**TASK**
A verbatim copy of the listing is what is needed, minus any pictures.

**GIVEN DATA**
Start of Block
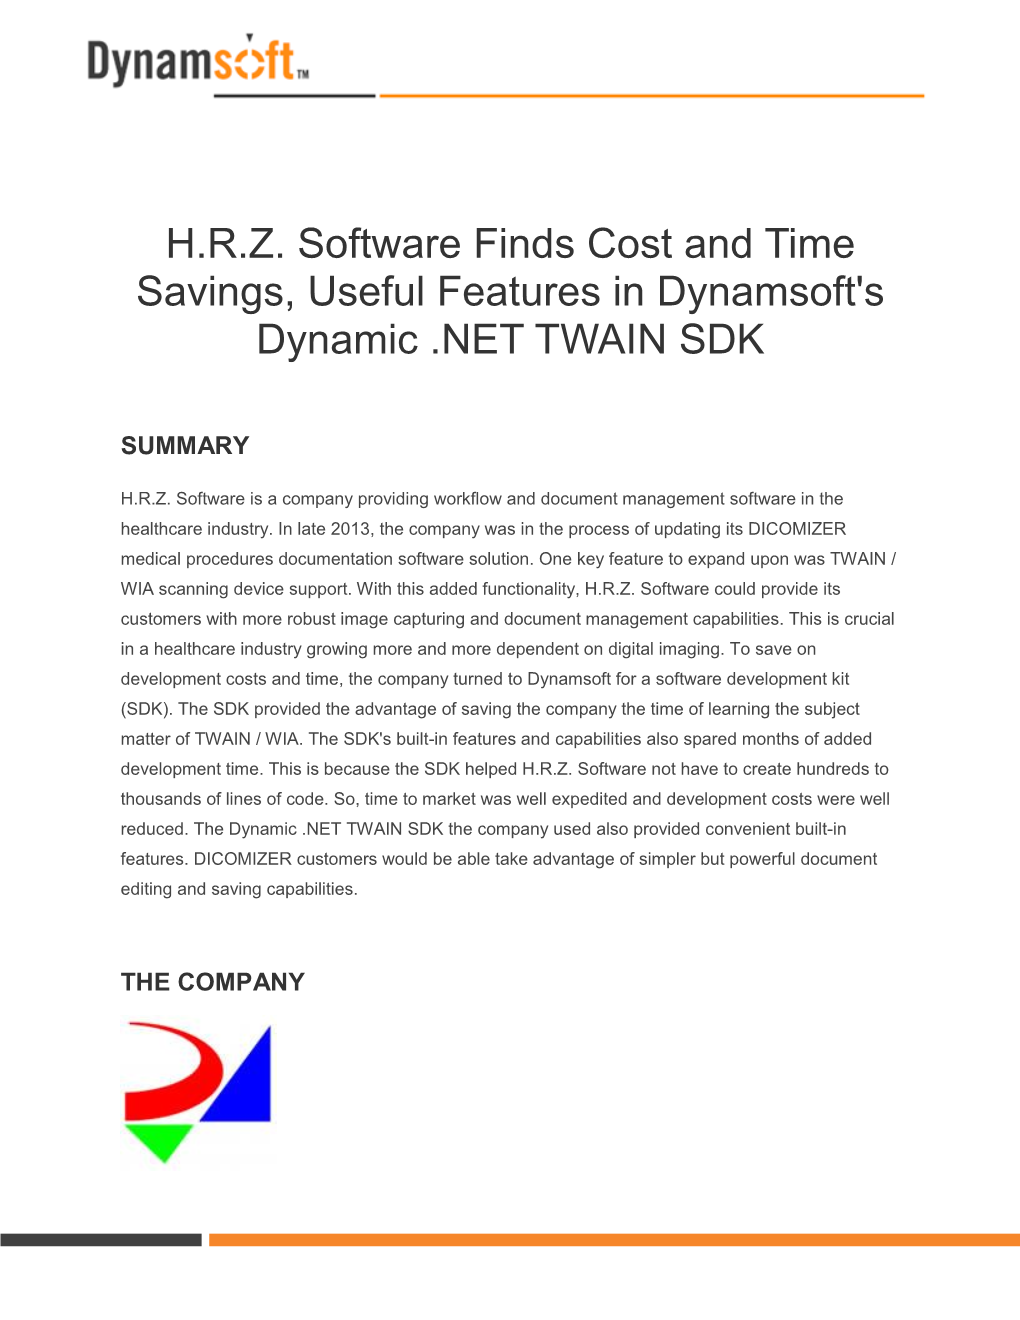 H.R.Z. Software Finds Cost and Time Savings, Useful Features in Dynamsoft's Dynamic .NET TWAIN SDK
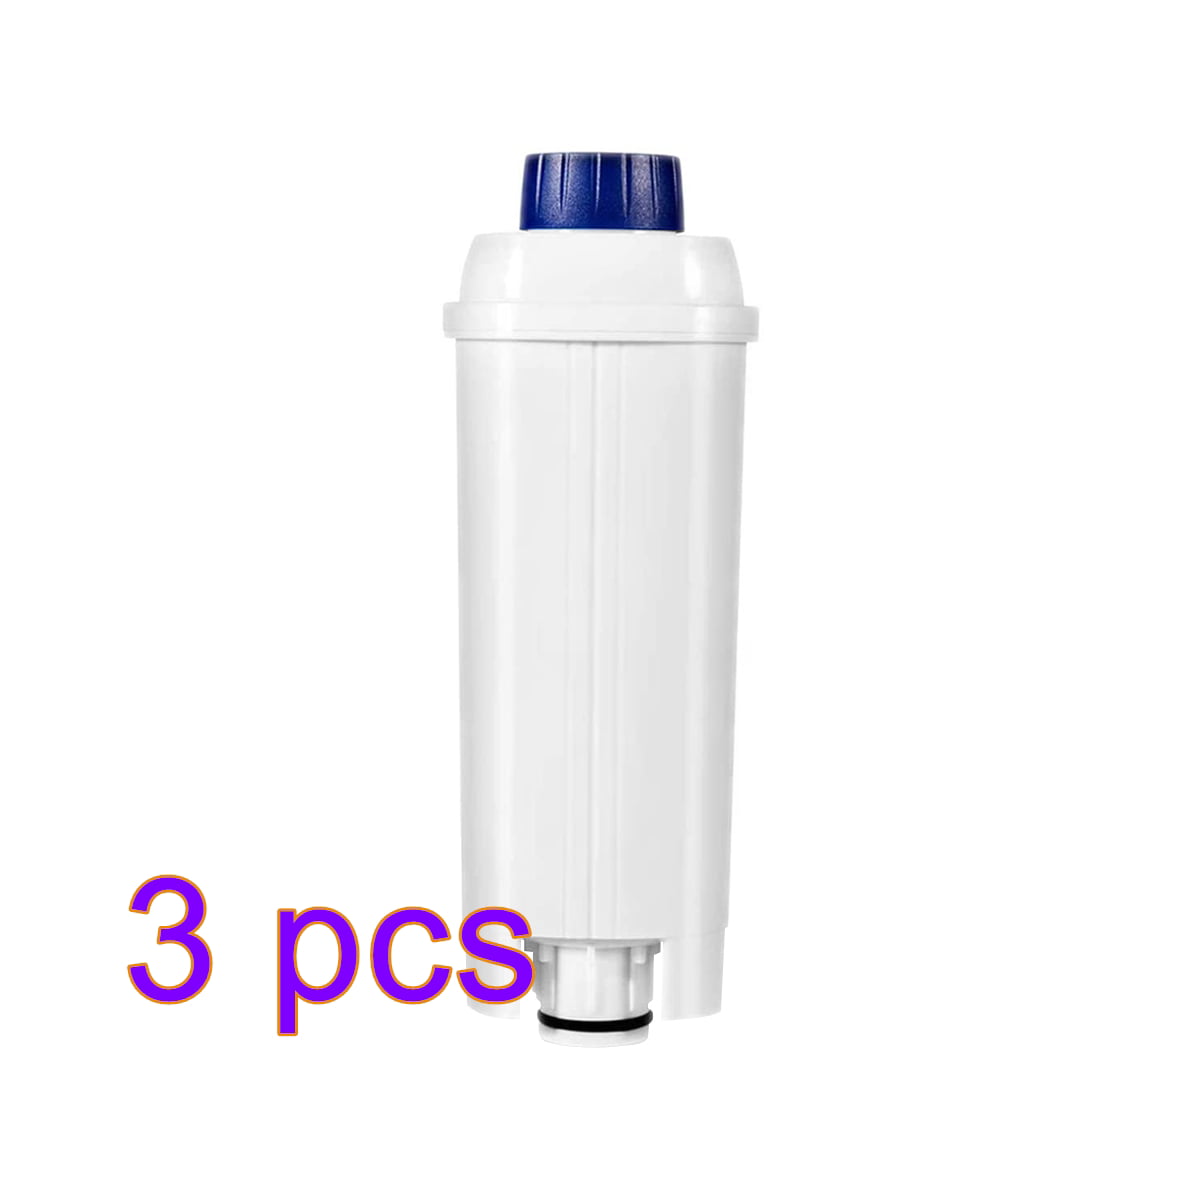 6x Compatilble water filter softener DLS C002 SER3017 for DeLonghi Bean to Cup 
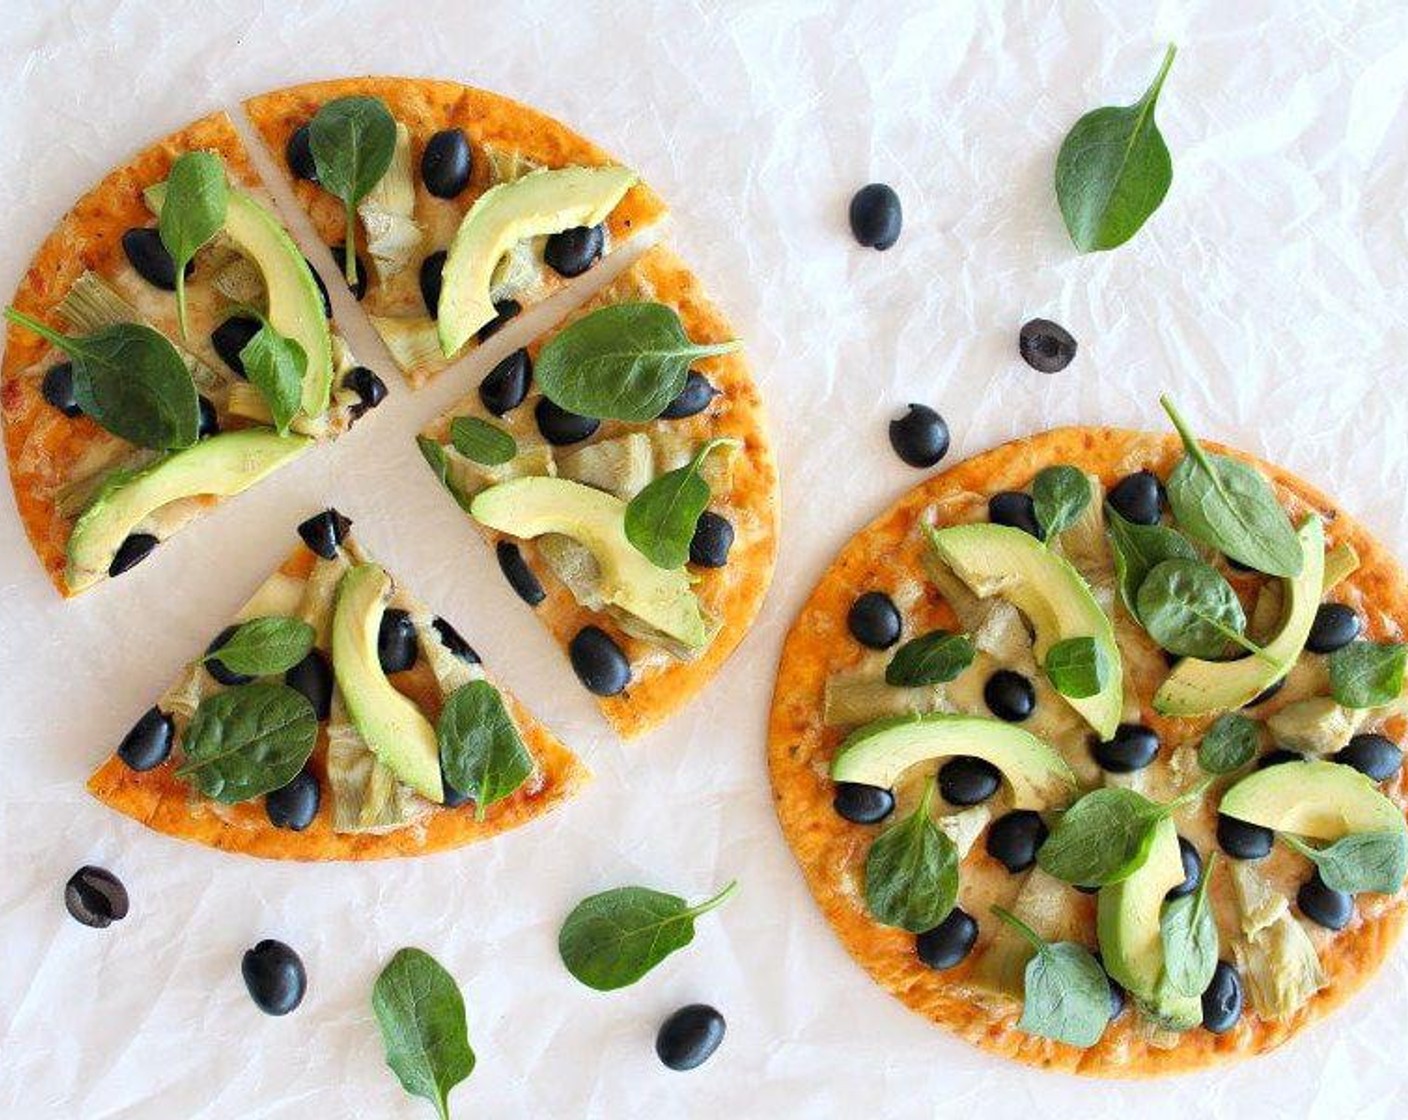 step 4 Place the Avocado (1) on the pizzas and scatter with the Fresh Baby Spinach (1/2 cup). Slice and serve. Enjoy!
End of Block
**TASK SOLUTION**
 H.R.Z. Software Finds Cost and Time Savings, Useful Features in Dynamsoft's Dynamic .NET TWAIN SDK
 6x Compatilble water filter softener DLS C002 SER3017 for DeLonghi Bean to Cup 
 step 4 Place the Avocado (1) on the pizzas and scatter with the Fresh Baby Spinach (1/2 cup). Slice and serve. Enjoy!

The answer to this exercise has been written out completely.